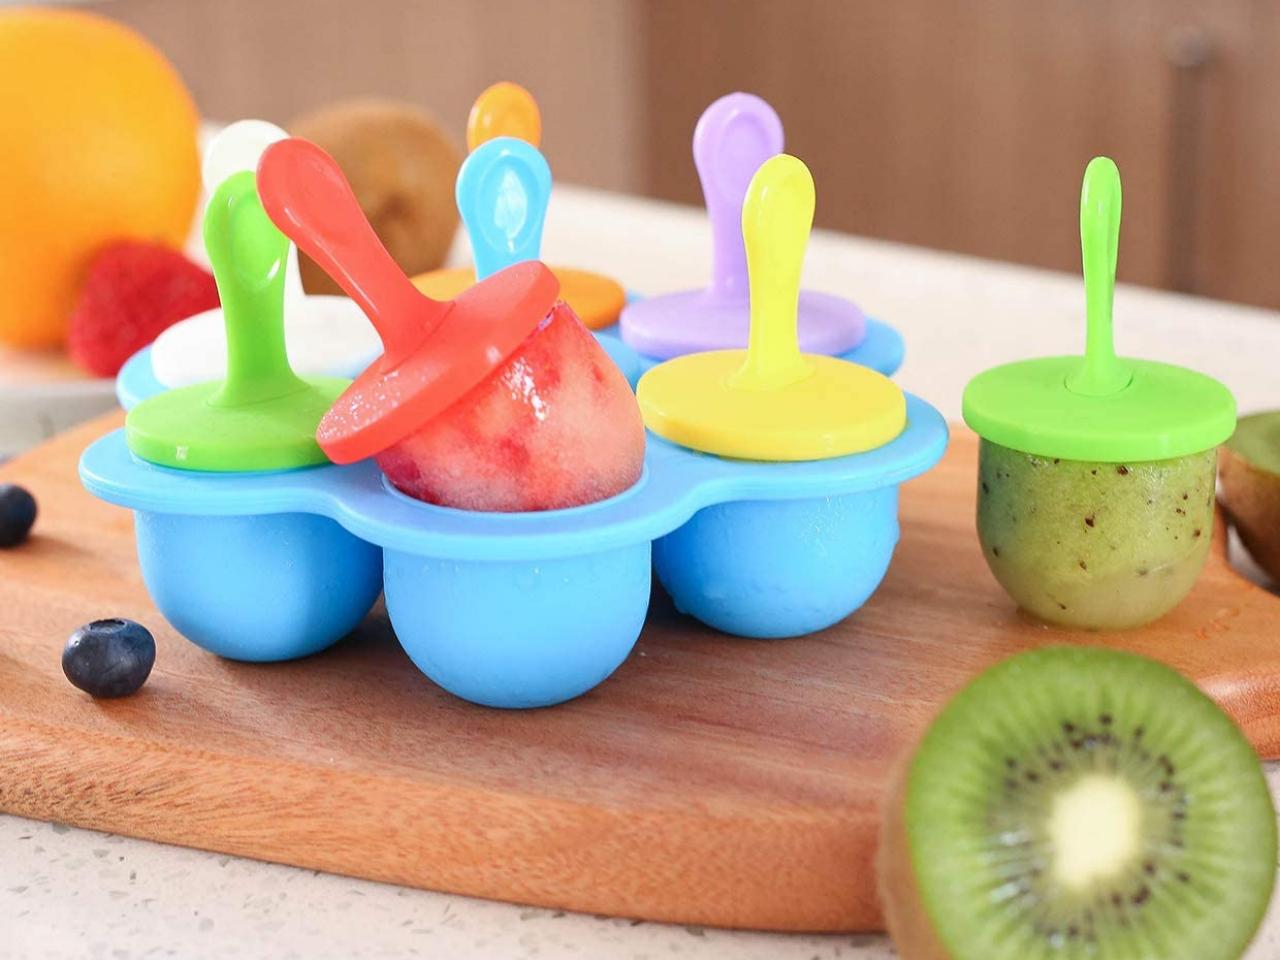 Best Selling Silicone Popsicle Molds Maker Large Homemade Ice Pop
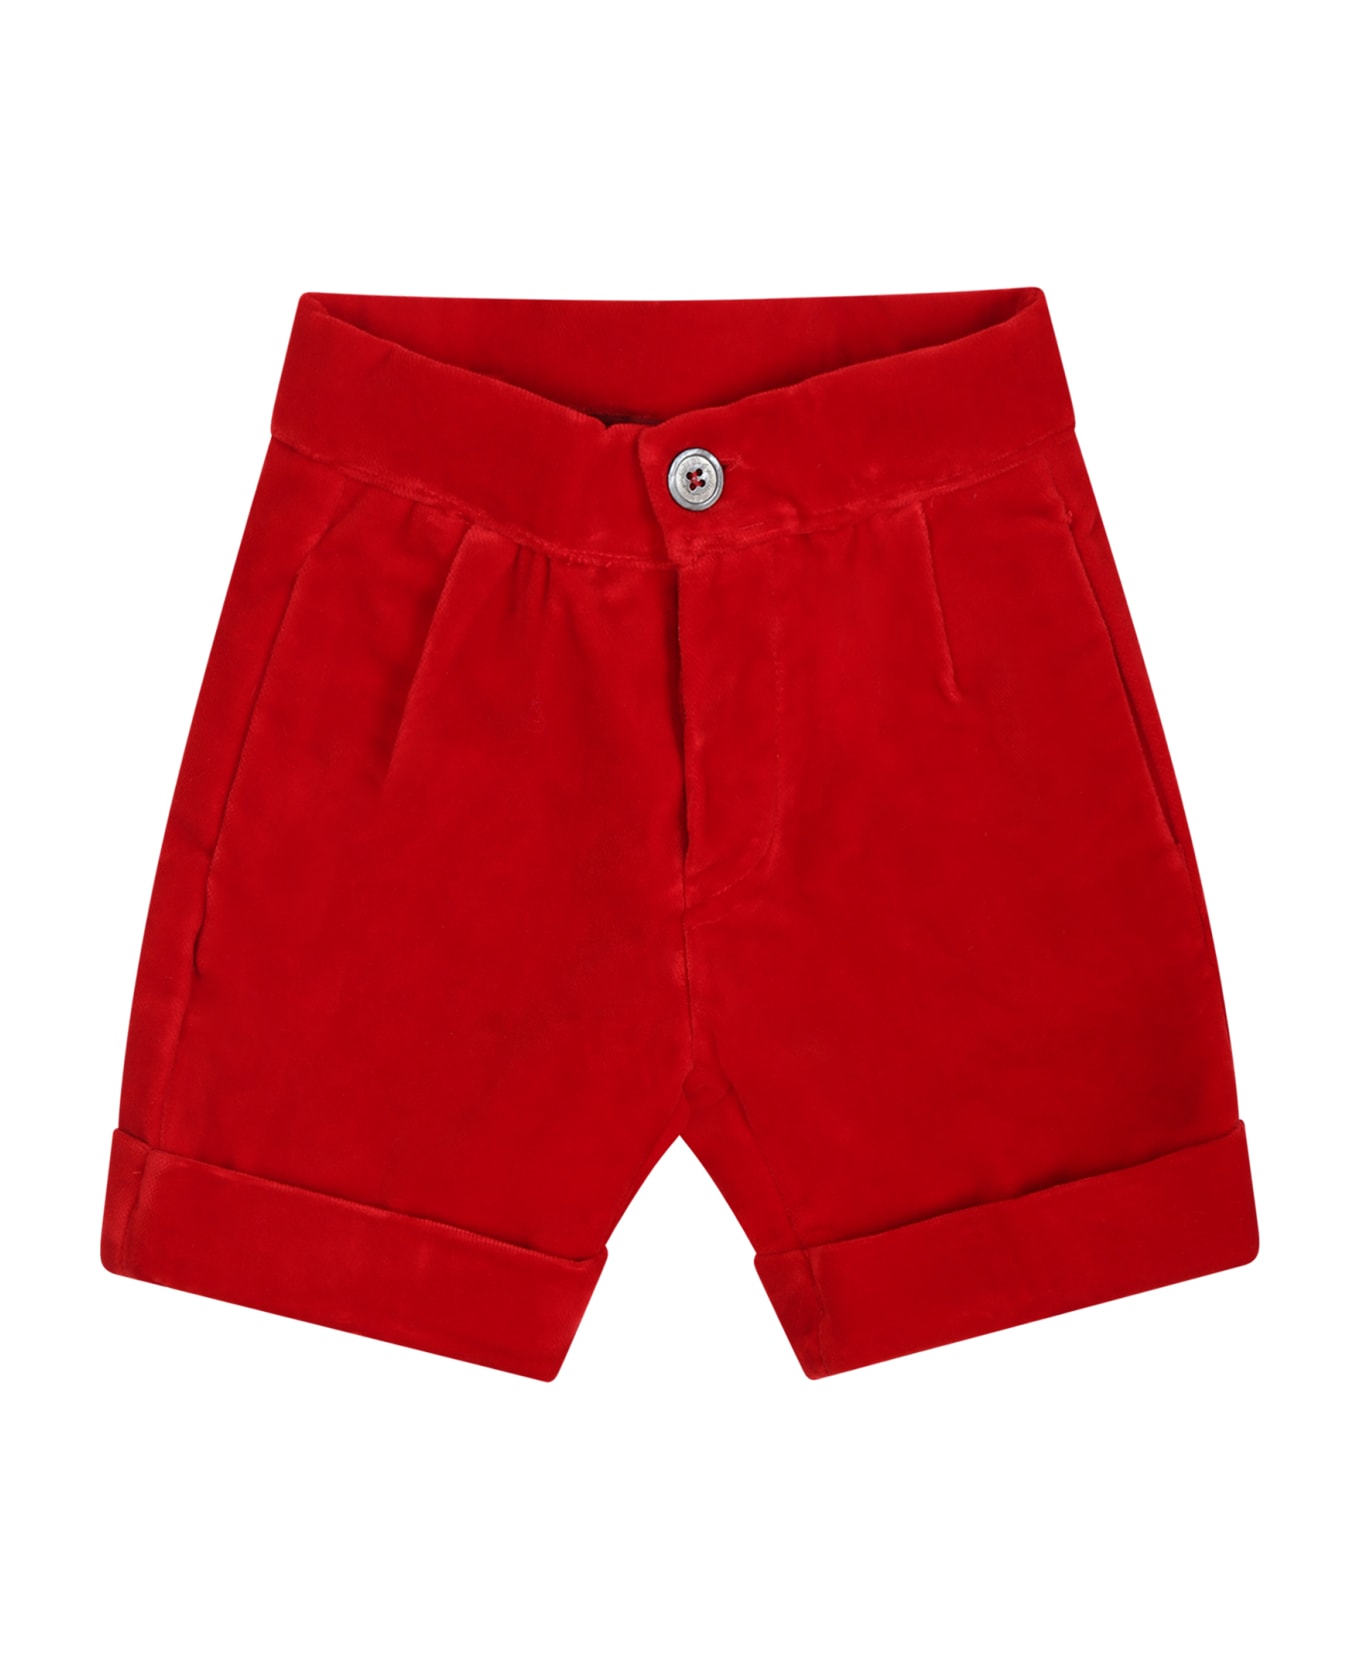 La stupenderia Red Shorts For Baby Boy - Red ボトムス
* * *
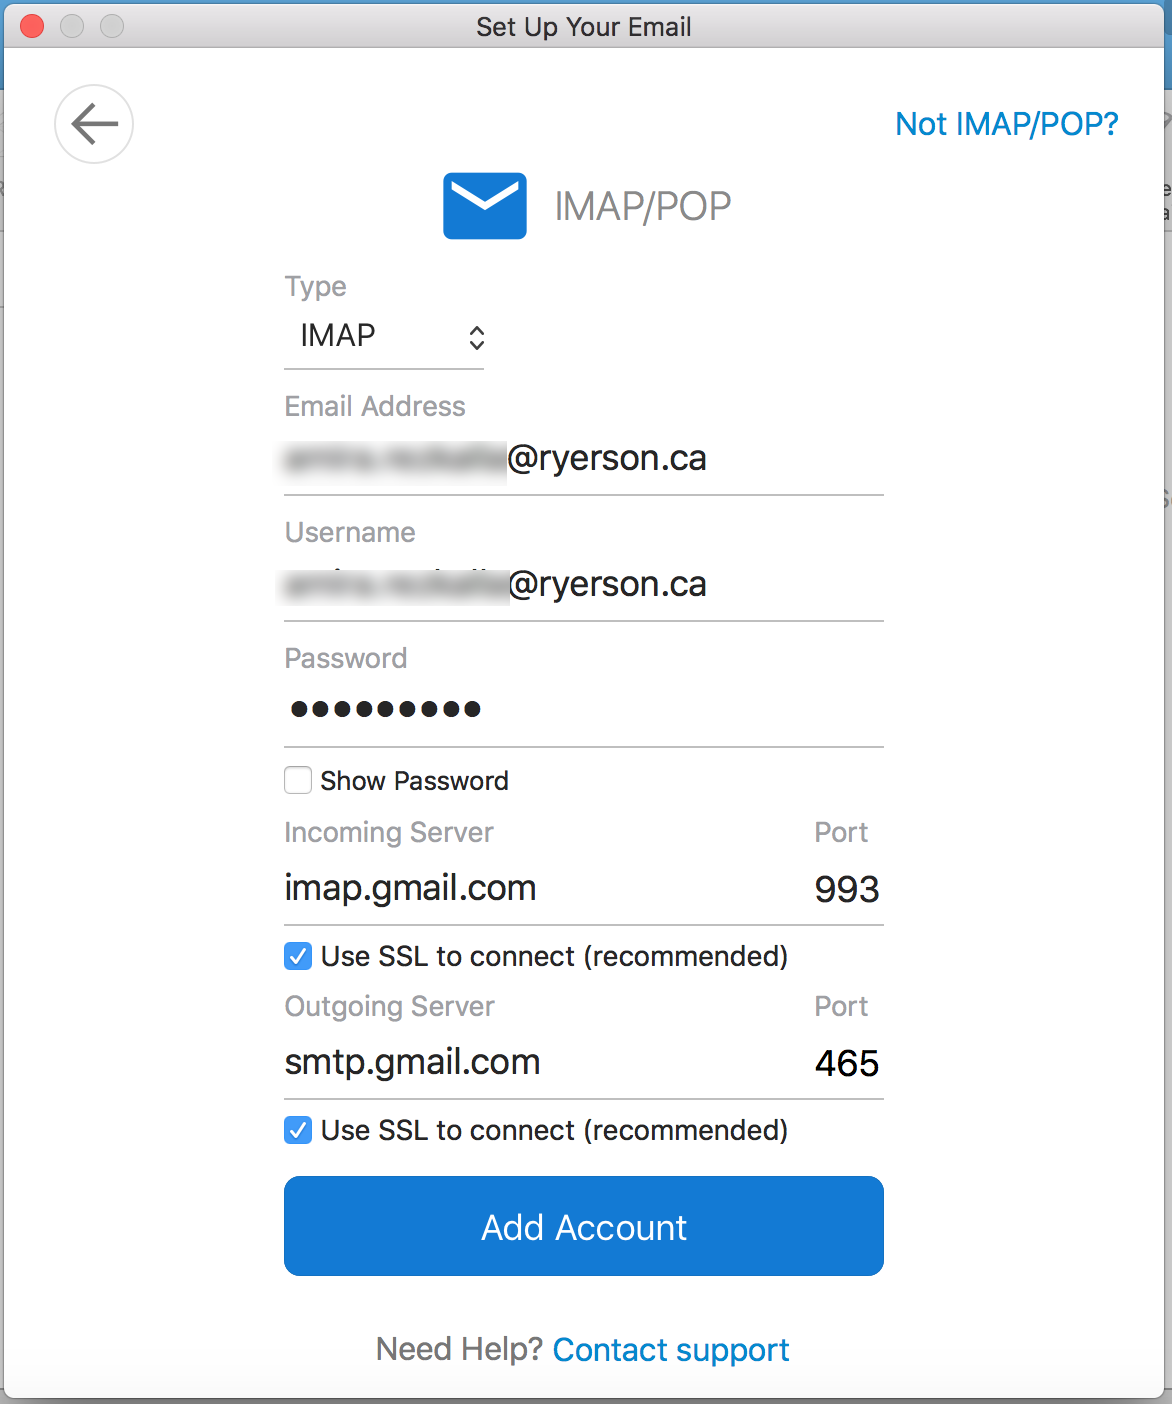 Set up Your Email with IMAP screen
---
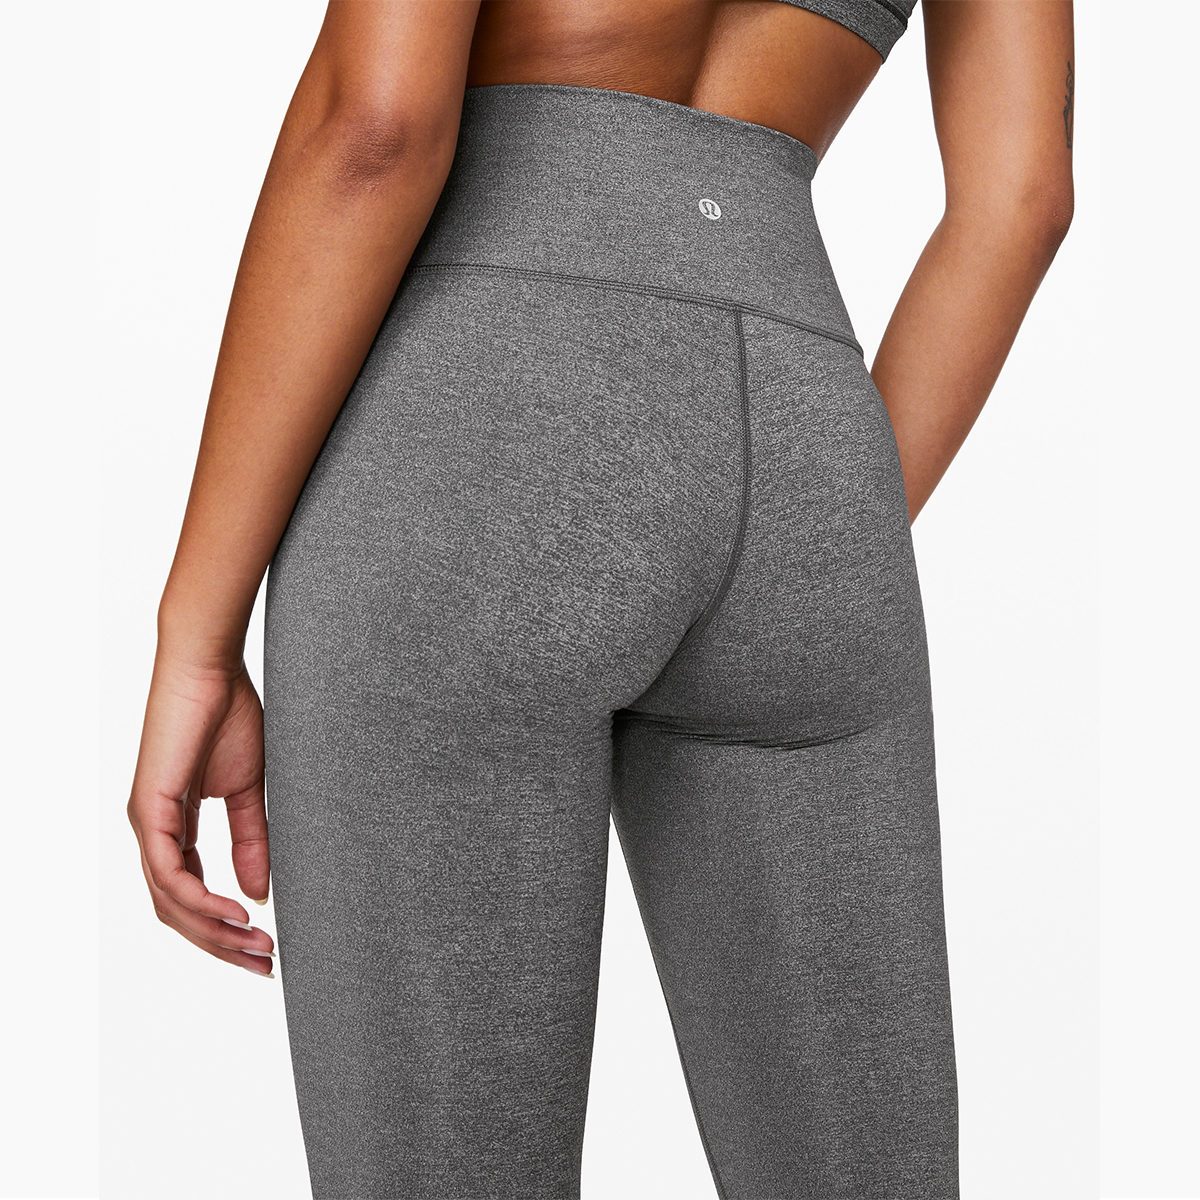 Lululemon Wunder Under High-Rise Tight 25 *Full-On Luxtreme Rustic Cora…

- [Your objective]: From the line with "Best Selling Silicone" up to and including the line with "La stupenderia Red" above, retype every line exactly and nothing more; leave out the pictures.

- [Exercise response]:
 Best Selling Silicone Popsicle Molds Maker Large Homemade Ice Pop
 La stupenderia Red Shorts For Baby Boy - Red ボトムス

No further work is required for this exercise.